__What to work on__
Could you retype exactly the lines below between the one holding "Bofigo 60 Cm" and the one holding "Tanning 12ft Feather Flag Orange", inclusive, leaving out any pictures?

__Material provided__
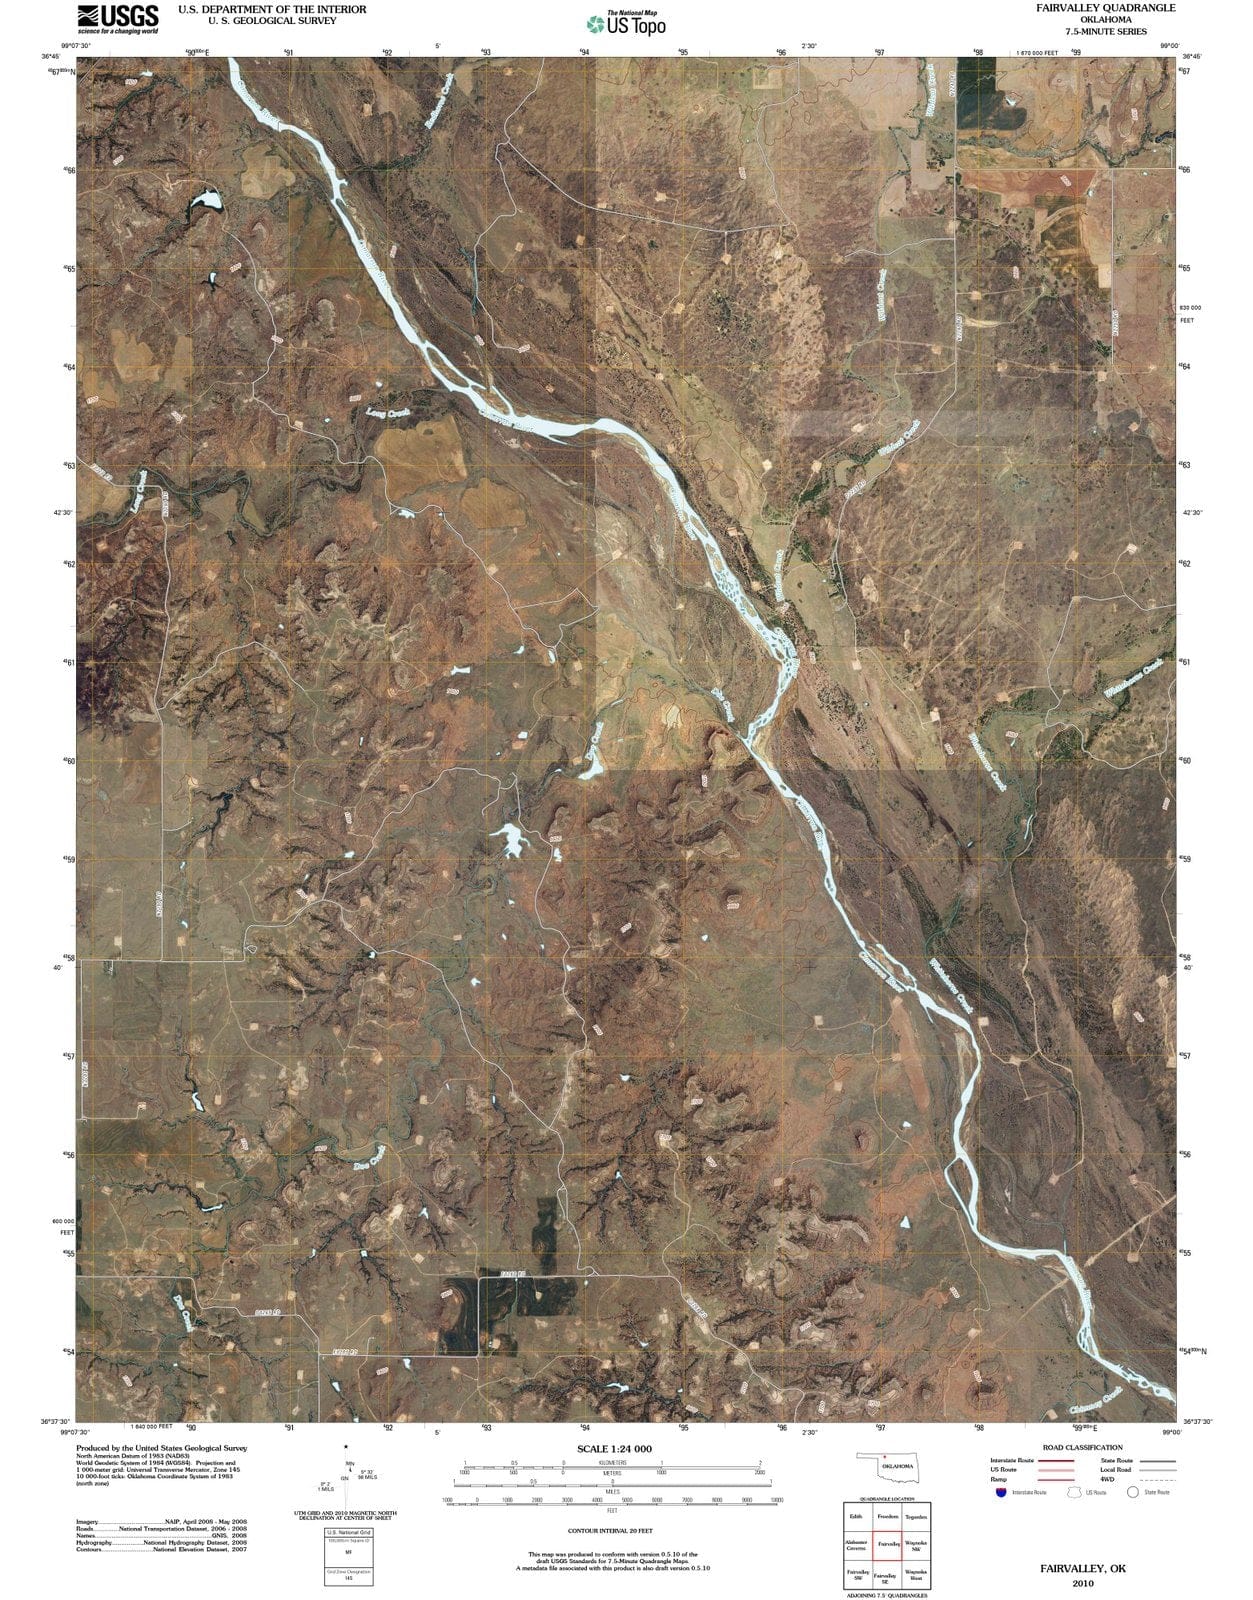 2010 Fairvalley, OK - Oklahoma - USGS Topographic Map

--

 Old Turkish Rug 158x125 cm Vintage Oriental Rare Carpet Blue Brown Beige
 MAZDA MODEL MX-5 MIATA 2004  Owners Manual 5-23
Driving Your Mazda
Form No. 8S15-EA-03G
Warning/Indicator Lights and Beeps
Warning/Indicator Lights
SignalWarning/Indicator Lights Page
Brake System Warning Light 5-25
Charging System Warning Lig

==

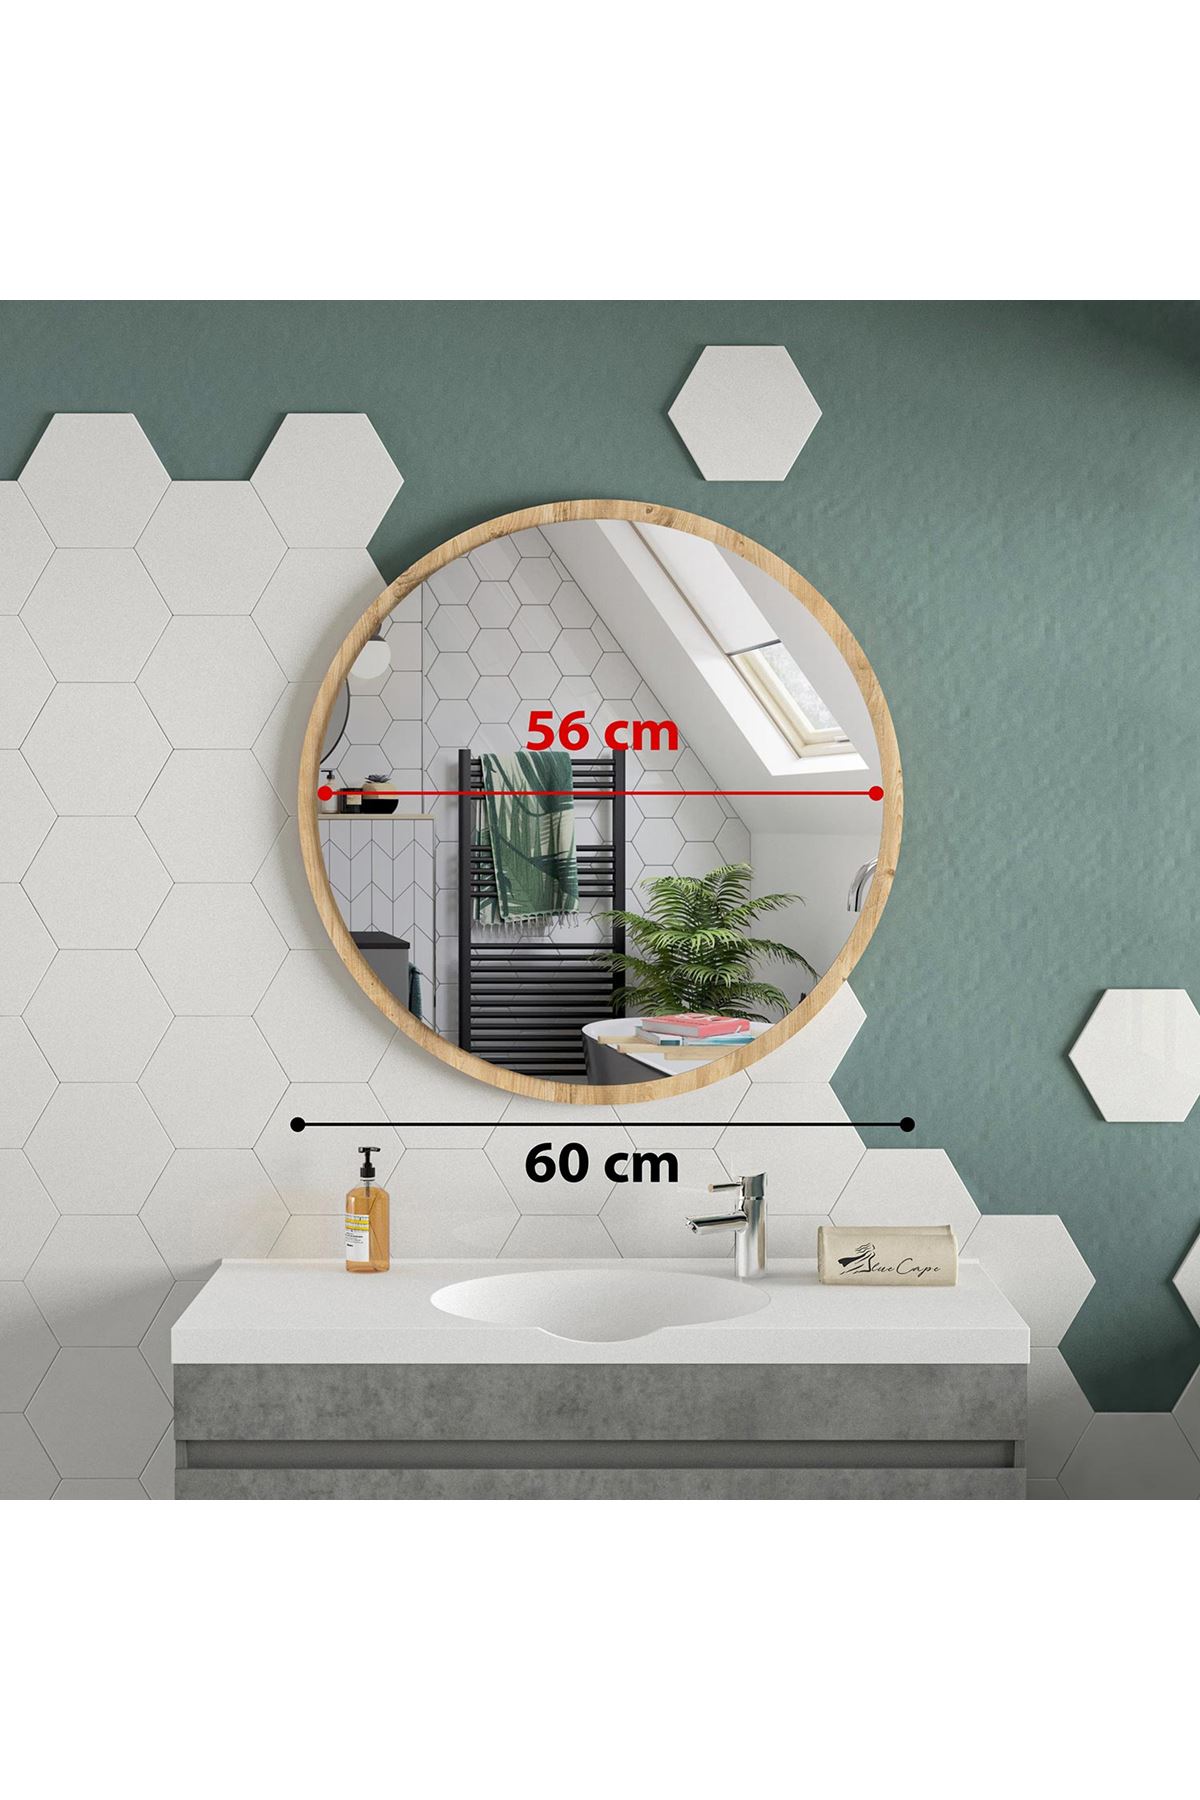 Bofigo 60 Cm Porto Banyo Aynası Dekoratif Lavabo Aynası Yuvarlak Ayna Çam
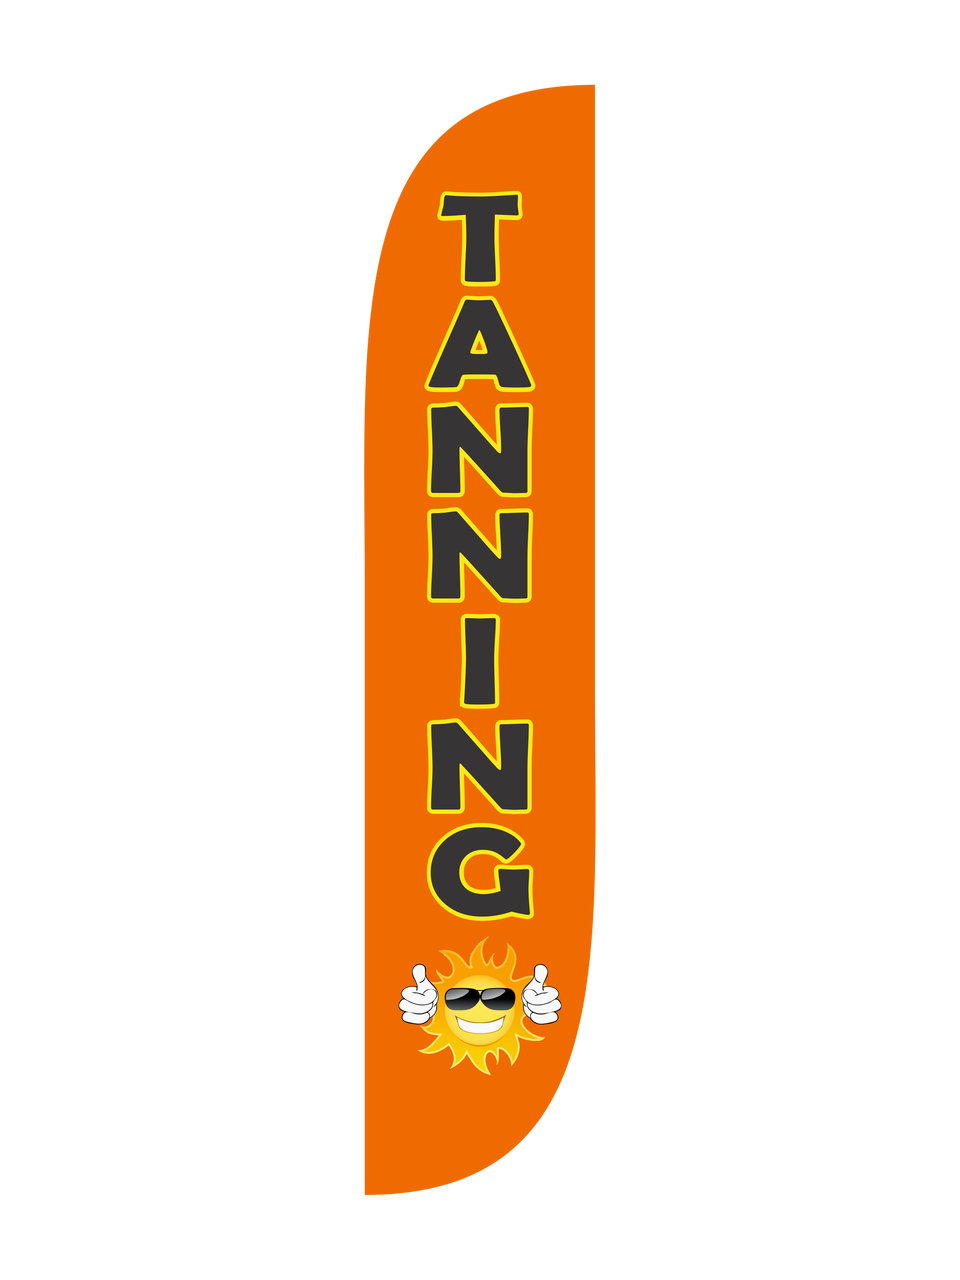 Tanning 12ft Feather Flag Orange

__Reply to the task__
 Bofigo 60 Cm Porto Banyo Aynası Dekoratif Lavabo Aynası Yuvarlak Ayna Çam
 Tanning 12ft Feather Flag Orange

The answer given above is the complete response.